Is there a hope of getting more stable Broadcom drivers? I am unclear how those are acquired and integrated. My guess is that this may also only be the Broadcom drivers for the RT-AX3000/RT-AX58U.

Open to suggestions on how to proceed to get this corrected?
 
Hi !

I can't help much with your logs, but I just want to say that I have a couple of AX3000 since may 2020 (not attached, they are in 2 separate homes). I keep them up to date with the latest stable Merlin and I've never experienced any reboot or instability. I have about 15 to 30 devices connected to each of them, from PC, iphones, android phones, smartTV, printer and other iOT etc...
One runs with Dual-Band smart connect (2.4 and 5) + guest, while the other one runs separate 2.4 and 5 networks + 2 guest networks also 2.4 and 5. Uptime is generally as long as it takes to get to the next stable release, unless there is a power outage.

If this is a Broadcom driver failure, it must be linked to a very specific client or configuration, or could it be a hardware failure ?
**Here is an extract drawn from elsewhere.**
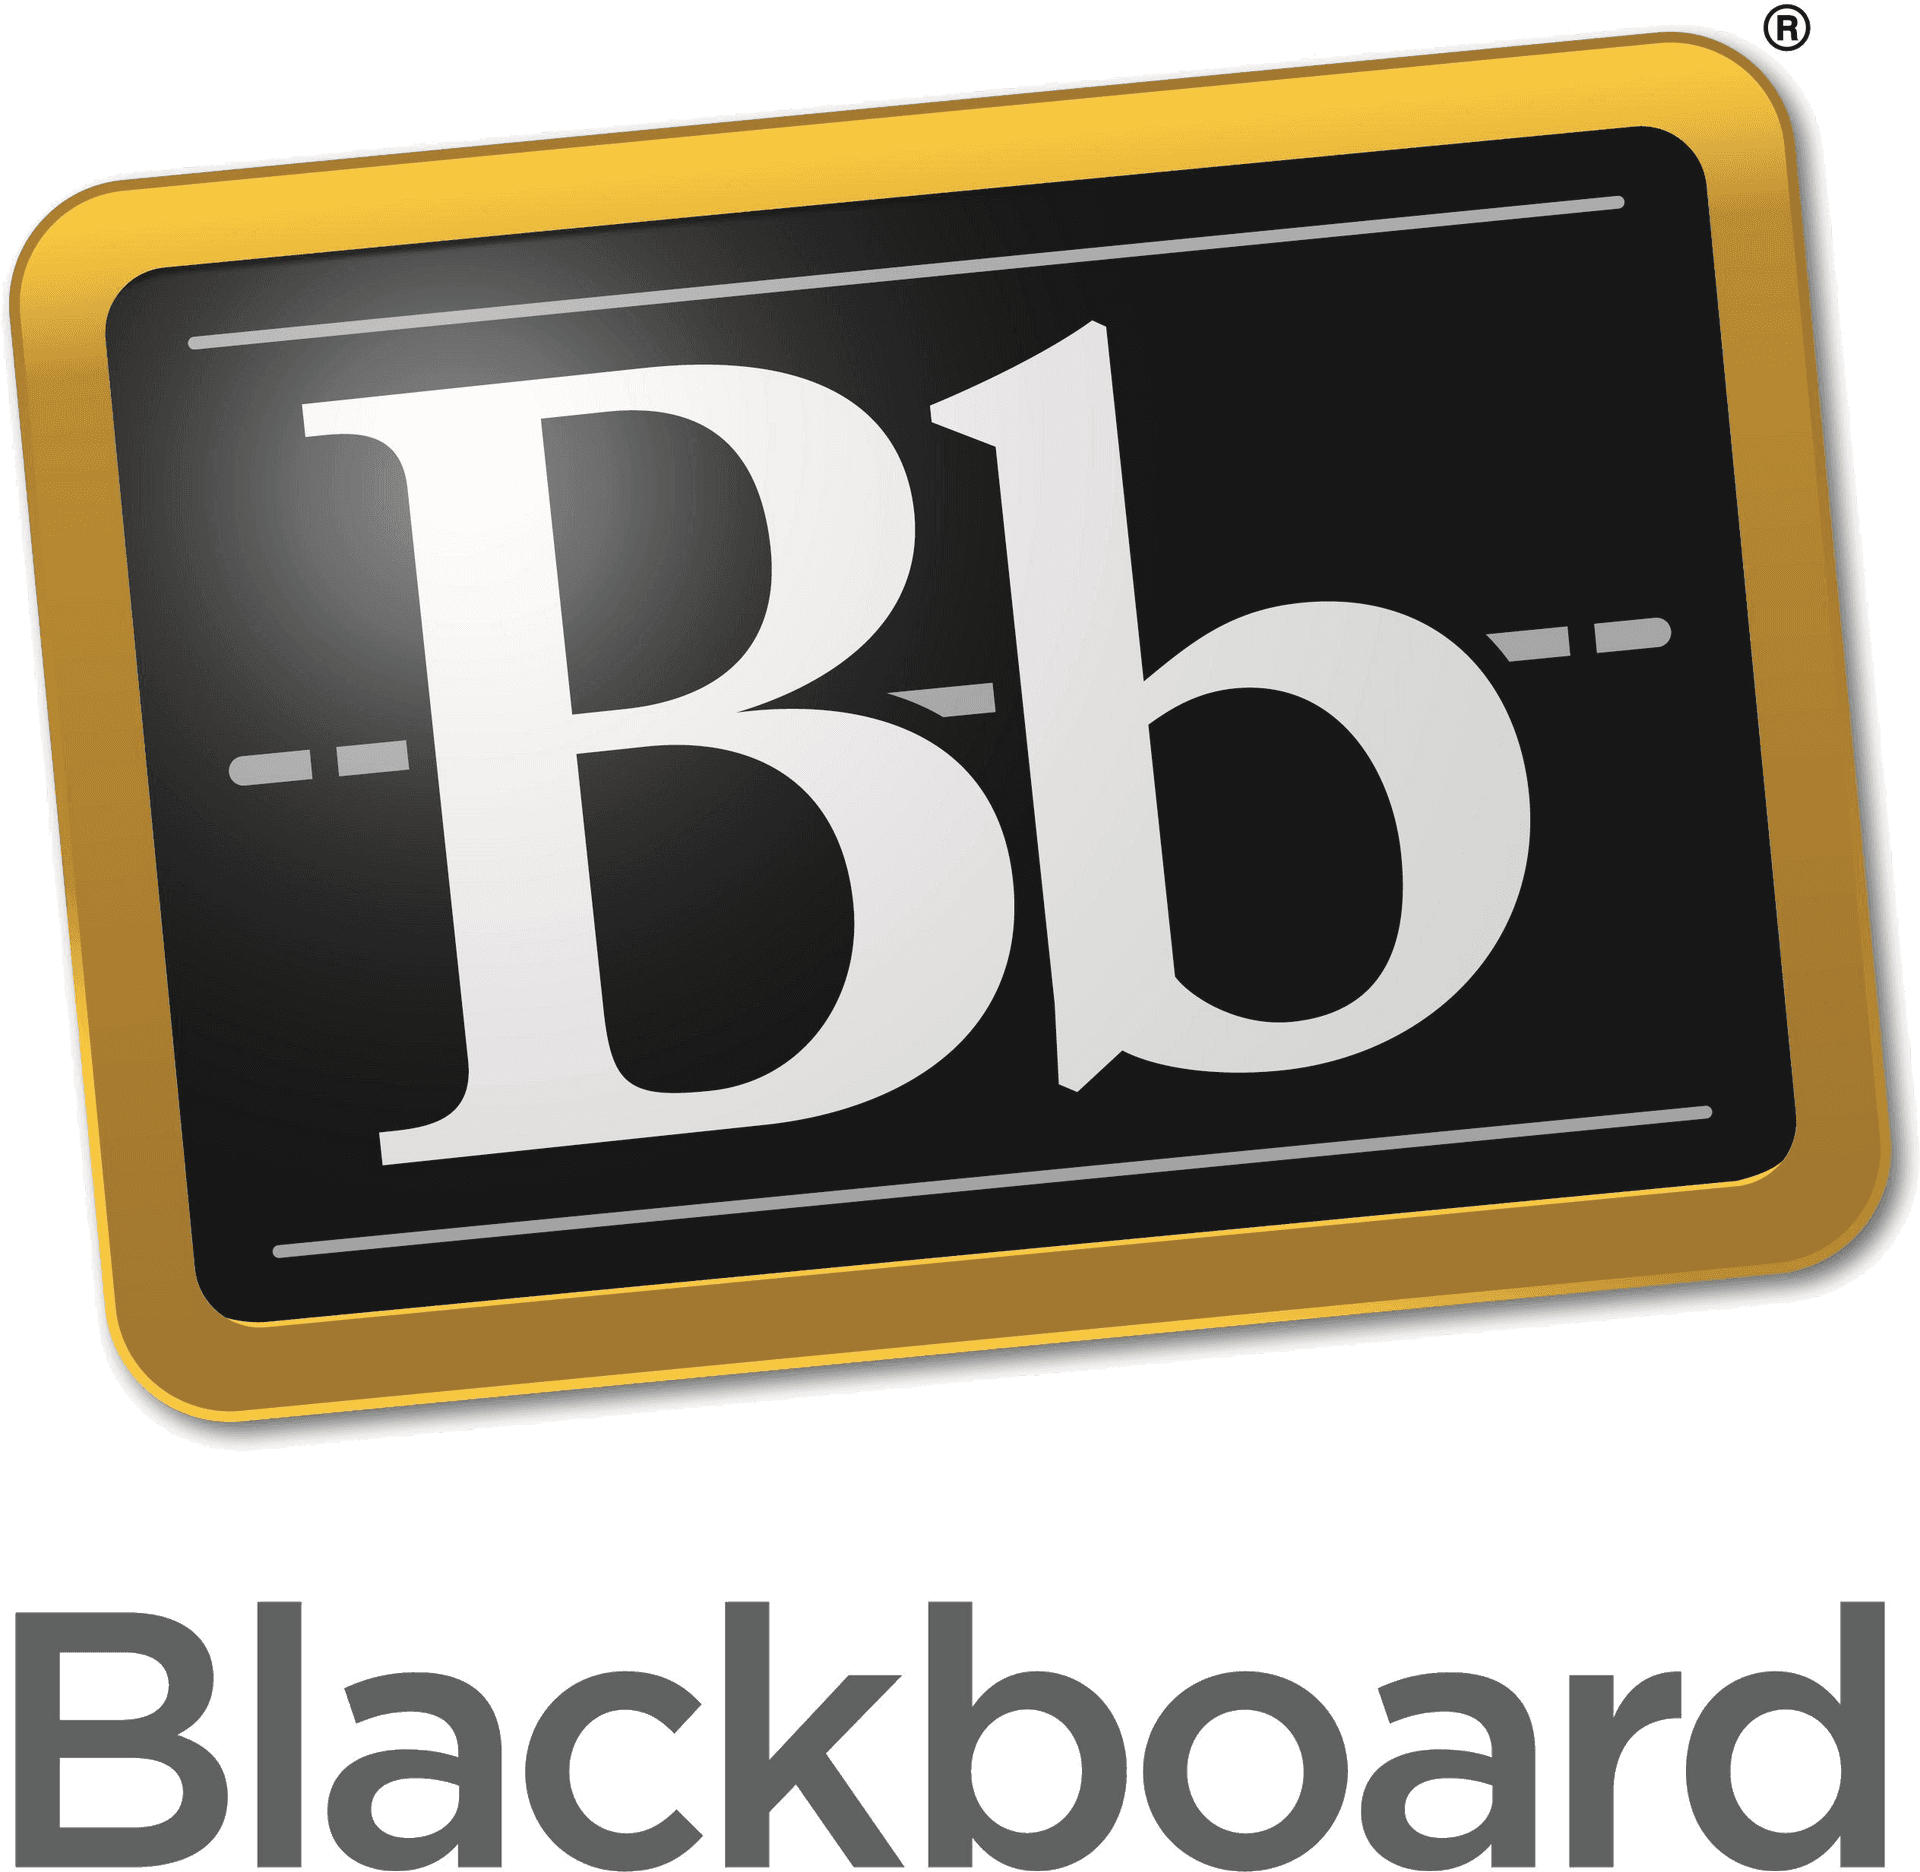 Blackboard Logo Image PNG image

Did you check temps and load ? For example do they increase until crash ?

I leave in a rather hot area especially in summer, but my temps are very stable, as well as my cpu/memory load
  • 2.4 and 5 Ghz around 53-54°
  • CPU around 68-70° in summer when
  • Memory also stable about 70-75% used
  • CPU1 rarely over 50%, CPU2 and 3 rarely over 10% (but I don't spend all day watching them...)
I tried to compare your config and mine. Here are the main differences on mine :
  • 2.4 Ghz : Channel bandwidth: 20/40mhz / Control channel : Auto. Current control channel : 8
  • 5 Ghz : Channel bandwidth: 20/40/80mhz / Control channel : Auto. Current control channel : 36
Also it might not be related but :
  • I don't use DDNS and port forwarding, no access from outside
  • I don't use openVPN at all
  • I don't use wake on lan.
I'm not sure this help, but hopelfully you'll get a clue.
 
Hi !

I can't help much with your logs, but I just want to say that I have a couple of AX3000 since may 2020 (not attached, they are in 2 separate homes). I keep them up to date with the latest stable Merlin and I've never experienced any reboot or instability. I have about 15 to 30 devices connected to each of them, from PC, iphones, android phones, smartTV, printer and other iOT etc...
One runs with Dual-Band smart connect (2.4 and 5) + guest, while the other one runs separate 2.4 and 5 networks + 2 guest networks also 2.4 and 5. Uptime is generally as long as it takes to get to the next stable release, unless there is a power outage.

If this is a Broadcom driver failure, it must be linked to a very specific client or configuration, or could it be a hardware failure ?

Did you check temps and load ? For example do they increase until crash ?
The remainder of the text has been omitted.